Bargain Spanish properties available as Brits sell up

Financial and overseas property expert Simon Conn is pointing his finger at potential bargain Spanish properties available as Expat Brits sell up before Brexit.

Spain’s National Statistics Institute has produced data showing the number of British Citizens living in Spain has declined from 400,000 in 2008 to around 250,000 today.

Simon suggests that several factors that have led to a decline in Brits living in Spain that includes the devaluation of the pound against the euro and all the uncertainty over Brexit.

He says: “Buyers may be looking to purchase a holiday or retirement home, rather than using it as a main residence, or perhaps they want to rent the property out or have it as a long-term investment. I think there could be bargains to be had as some sellers may take a discount for a quick sale. There are also currency exchange issues to be taken into account.”

Currency specialists for Moneycorp, Meyrick Green said: “It’s well known that the pound has struggled against other currencies since the referendum result. Those selling property in Spain and repatriating the money to the UK now receive more pounds for their euros than they would have done two years ago.

In the last six months, the GBP/EUR exchange rate has oscillated between roughly 1.15 and 1.10. This increased volatility is expected to continue whilst the Brexit negotiations are taking place, presenting an opportunity for both buyers and sellers to maximise their transfers,” Meyrick added.

A   solicitor at Judicare Group, Peter Esders who specialises in international legal issues, says he is seeing what Simon describes happening on a day-to-day basis. “British sellers who were previously unable to put their property on the market due to the financial losses that they would incur if they did are now able to do so, thanks to the exchange rate.

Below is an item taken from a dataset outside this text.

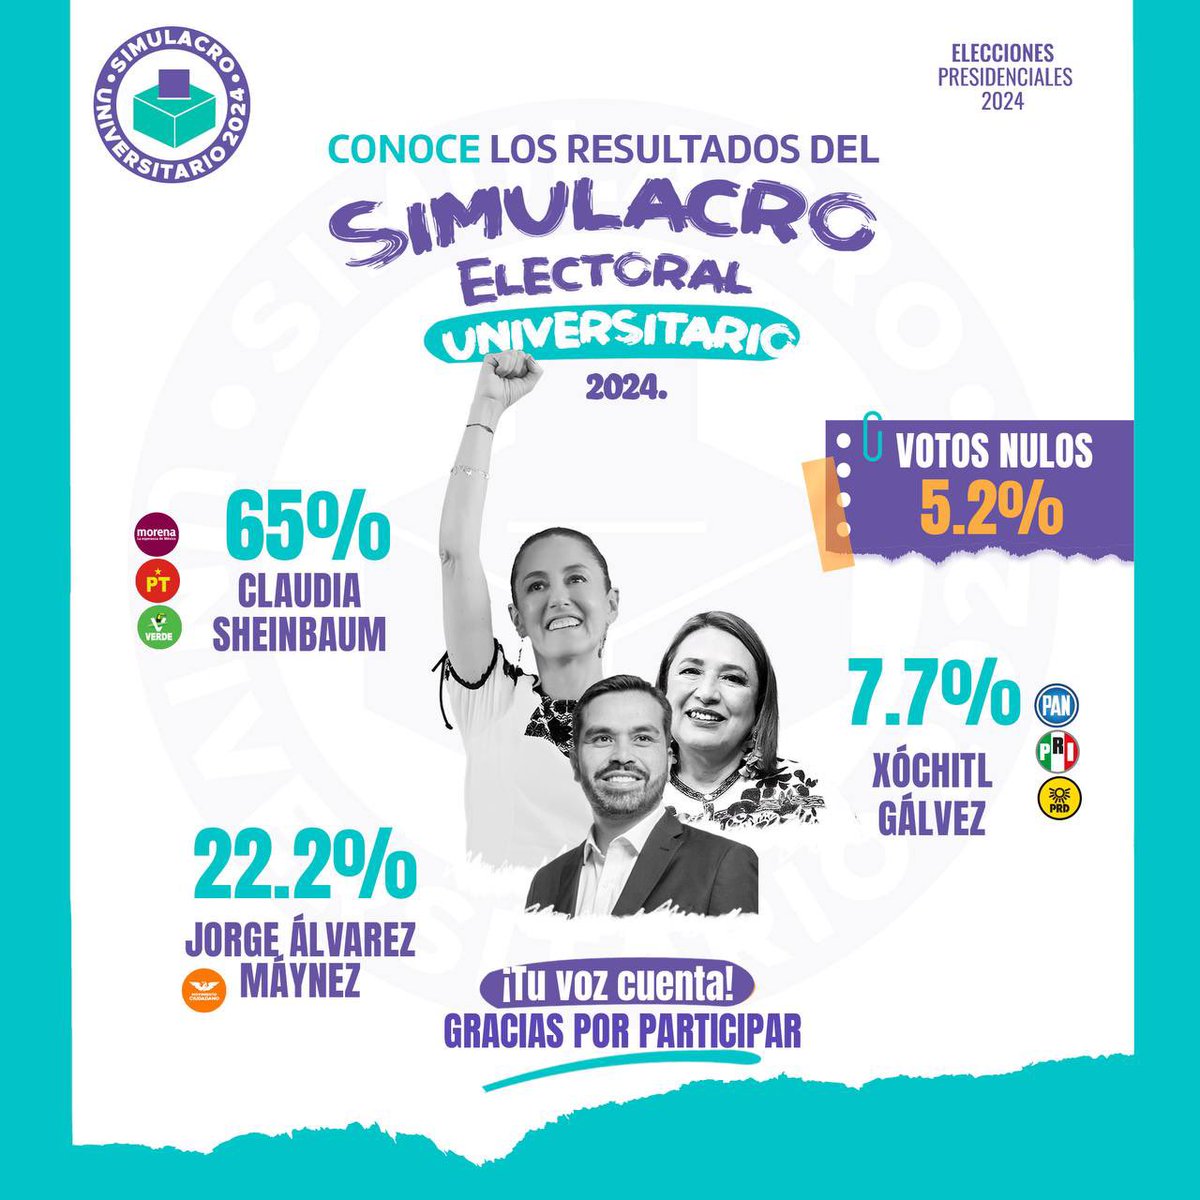 Gana @Claudiashein con 65 por ciento de los votos y en segundo lugar @AlvarezMaynez con el 22 por ciento y @XochitlGalvez obtuvo 7.7 por ciento en el #SimulacroUniversitario2024

At the same time, buyers are able to get a bargain by buying from a motivated seller who wishes to return to the UK. Effectively, sales are now working out financially, but equally, buyers are getting a bargain despite the exchange rate working against them. Long term, it does appear to be a win-win situation, especially for those people who are fed up with waiting before doing something.”

Simon agrees with this and predicts that sales in Spain will gain momentum: “It is still quite busy for mortgages worldwide and I expect this sector to pick up again next year after Brexit has passed, as people will become more aware of where the property markets are heading.”